Next, we build a dataset of QA pairs based upon the [documentation](https://python.langchain.com/docs/expression_language/) that we indexed.

In [35]:
import getpass
import os


os.environ["LANGCHAIN_TRACING_V2"] = "true"
os.environ["LANGCHAIN_ENDPOINT"] = "https://api.smith.langchain.com"

In [47]:
from langsmith import Client

# QA
inputs = [
    "What is a style profile?",
    "How should investors use our Sustainability Ratings?",
    "what is Portfolio ESG Score?",
]

outputs = [
    "A style profile is a summary of a fund's risk-factor exposures. It outlines the factors that influence a fund's returns, such as value-growth orientation, capitalization, industry sector, geographic region, country weights, duration, credit quality, historical return volatility, beta, and other investment style factors.",
    "Investors can use Morningstar Sustainability Ratings to assess how well companies in a fund manage ESG risks and opportunities, compare funds across categories, screen for sustainability, and understand a fund manager's investment process regarding ESG factors.",
    "The Portfolio ESG Score, provided by Sustainalytics, is an asset-weighted average of normalized company-level ESG scores, ranging from 0-100. A higher score indicates better ESG performance, with funds investing more in companies that excel in managing environmental, social, and governance issues.",
]

qa_pairs = [{"question": q, "answer": a} for q, a in zip(inputs, outputs)]

# Create dataset
client = Client()
dataset_name = "RAG_test_Finance"
dataset = client.create_dataset(
    dataset_name=dataset_name,
    description="QA pairs about Finance.",
)
client.create_examples(
    inputs=[{"question": q} for q in inputs],
    outputs=[{"answer": a} for a in outputs],
    dataset_id=dataset.id,
)

LangSmithConflictError: Conflict for /datasets. HTTPError('409 Client Error: Conflict for url: https://api.smith.langchain.com/datasets', '{"detail":"Dataset with this name already exists."}')

## RAG Evaluators

### Type 1: Reference Answer

First, lets consider the case in which we want to compare our RAG chain answer to a reference answer.
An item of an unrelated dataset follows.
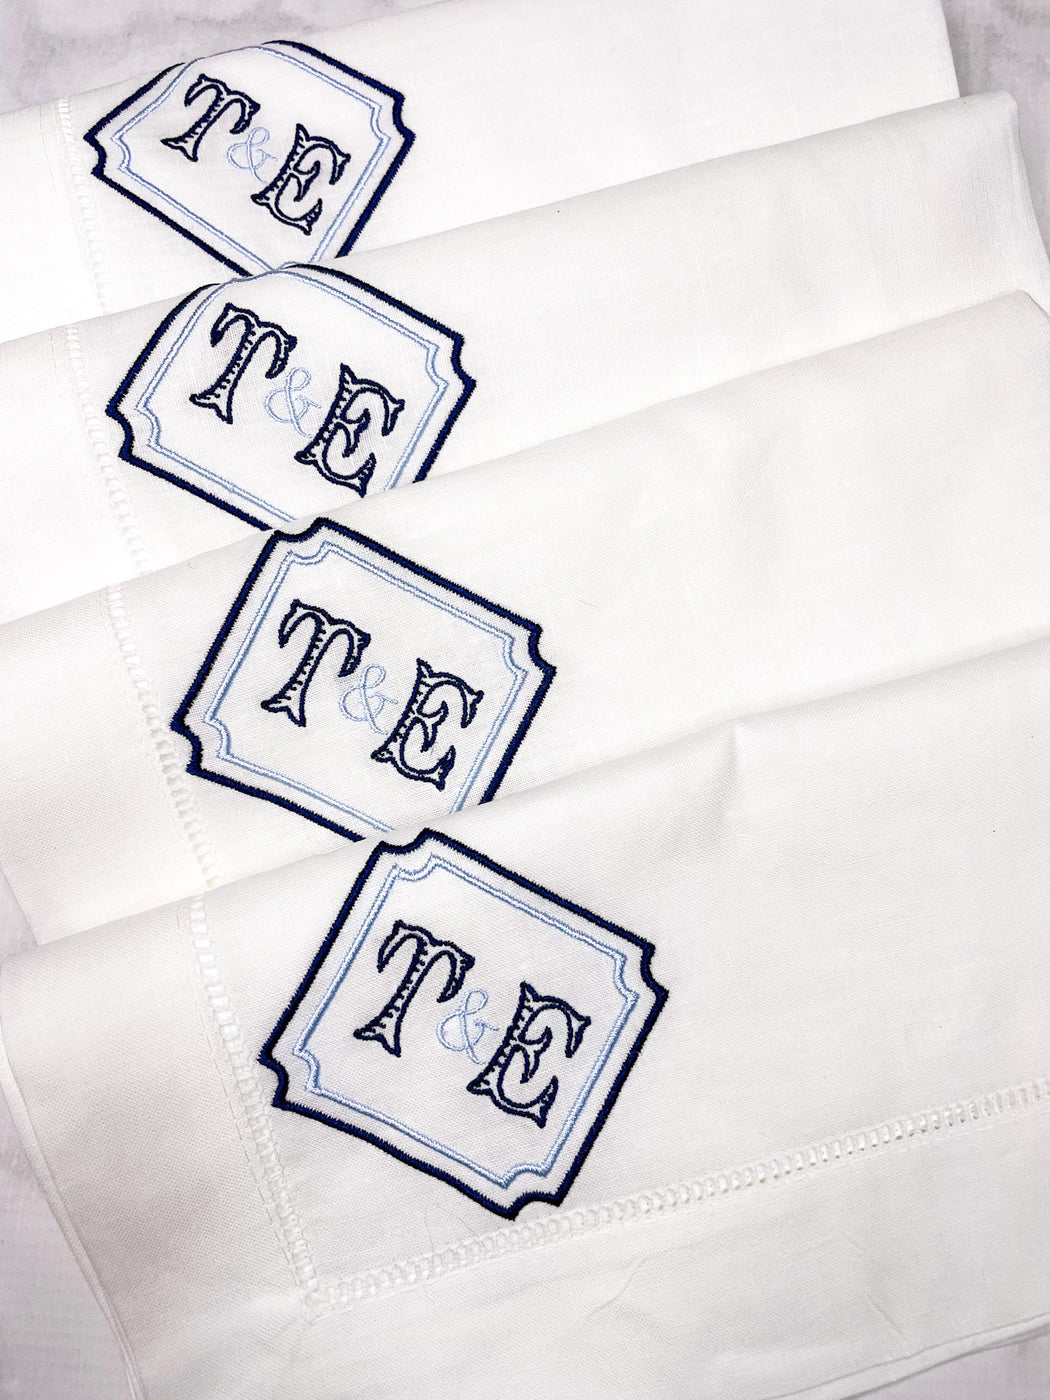 Linen/Cotton Blend Hemstitched Dinner Napkins - Couples two initials with frame

This is shown on the far right (blue):

![](https://github.com/langchain-ai/langsmith-cookbook/blob/1a46c089ede410384f69dc3e808567406c39e009/testing-examples/rag_eval/langsmith_rag_eval.png?raw=1)

Here is the eval process we will use:

![](https://github.com/langchain-ai/langsmith-cookbook/blob/1a46c089ede410384f69dc3e808567406c39e009/testing-examples/rag_eval/langsmith_rag_story.png?raw=1)

#### Eval flow

We will use a `LangChainStringEvaluator` to compare RAG chain answers to reference (ground truth) answers.

There are many types of `LangChainStringEvaluator` [see options](https://docs.smith.langchain.com/evaluation/faq/evaluator-implementations).

For comparing questions and answers, I like to use `LLM-as-judge` evaluators:
* `QA`
* `CoTQA`

For example, `CoT_QA` uses the eval prompt defined [here](https://smith.langchain.com/hub/langchain-ai/cot_qa).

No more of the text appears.